Poi, come succede nella favole, questo mondo incantato, trasognato, fu di colpo spazzato via, quasi fosse un effimero castello di sabbia, da una improvvisa maligna tempesta di vento. Nuvole nere, che assumevano di solito l’aspetto sinistro di formazioni di rombanti “Fortezze volanti”, oscurando tristemente il cielo, a portare altrove distruzioni, lutti, dolore e morte. Cose che purtroppo dovemmo sperimentare indirettamente per la presenza in paese di un Ospedaletto militare allestito dall’esercito tedesco nei locali delle vecchie Scuole Elementari.

Rumori, sentori, immagini sfumate si alternano nella memoria: le ambulanze, le barelle con poveri corpi straziati, i lamenti, l’odore penetrante del cloroformio per le anestesie, gli ordini impartiti con voci gutturali. Una evenienza che, fortunatamente, potremmo dire, sfiorò la comunità senza ulteriori deleterie conseguenze, a parte angosce e timori. Una bomba d’aereo colpì una casa di campagna; un proiettile vagante il tetto di una chiesa del centro. La guerra un giorno finì. E arrivarono in paese i cosiddetti “Liberatori” di cui avete già letto.

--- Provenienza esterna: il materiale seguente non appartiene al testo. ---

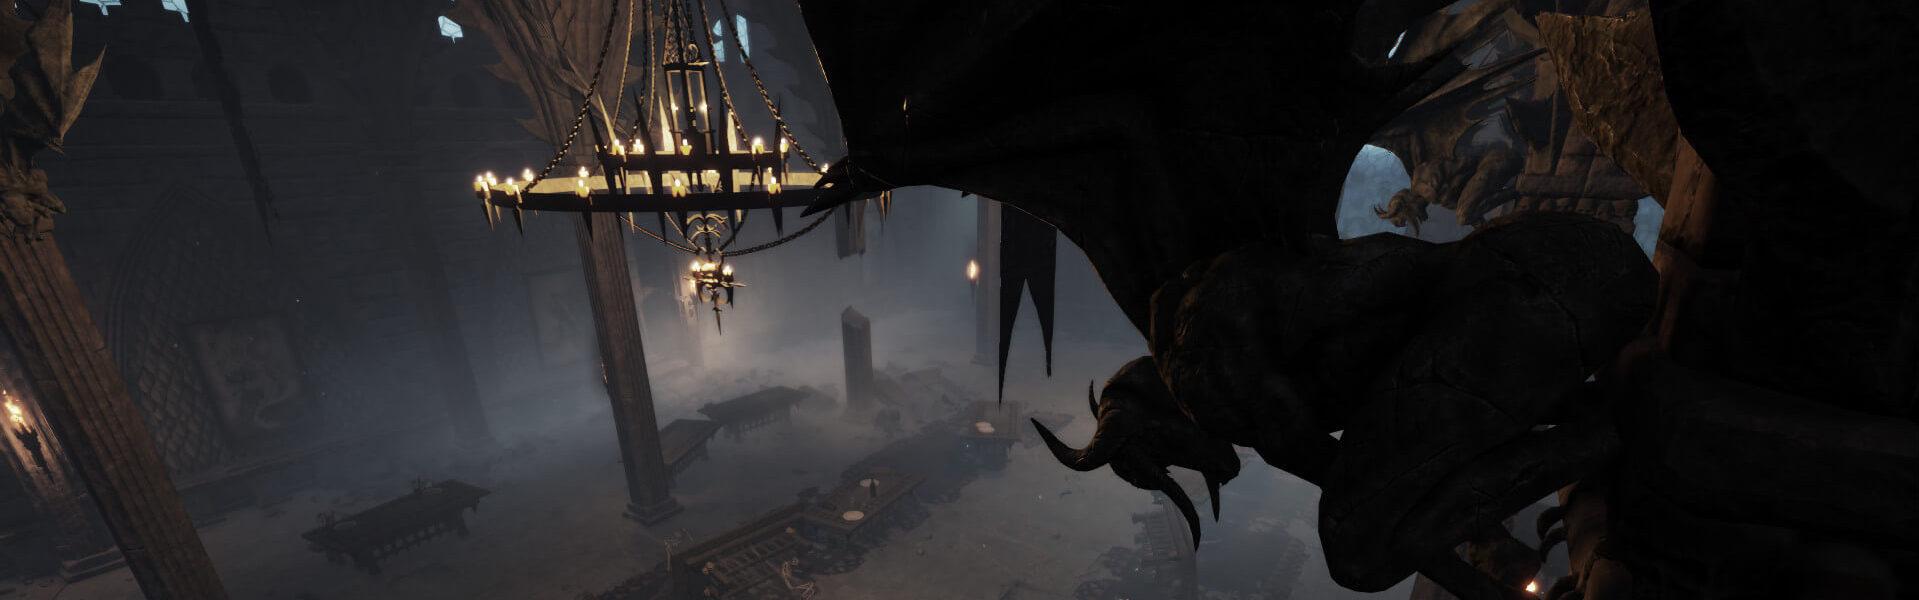 Warhammer The End Times - Vermintide Drachenfels (DLC) Steam Key GLOBAL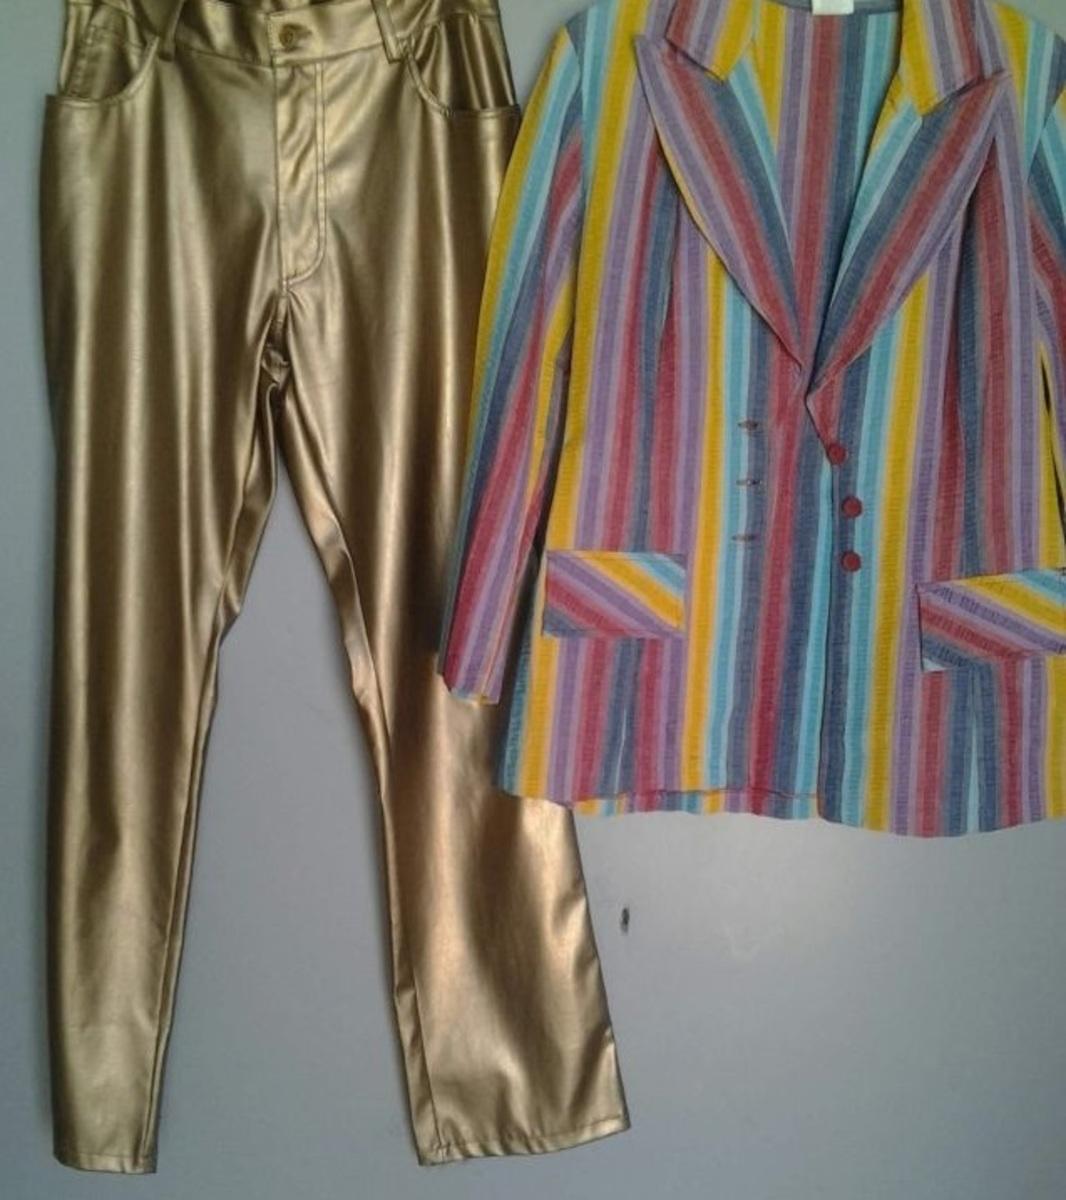 David Bowie worn Golden Pants and Color Jacket

  Alla fine del secondo conflitto mondiale, mi trasferii in città con la famiglia, per motivi connessi al lavoro e allo studio, come ebbi a narrare in precedenti occasioni. Mi piace chiudere questo breve racconto con una citazione tratta da Cesare Pavese. Dice dunque il narratore: “Un paese ci vuole non fosse che per il gusto di andarsene via. Un paese vuol dire non essere soli, sapere che nella gente, nelle piante, nella terra c’è qualcosa di tuo che anche quando non ci sei, resta ad aspettarti”.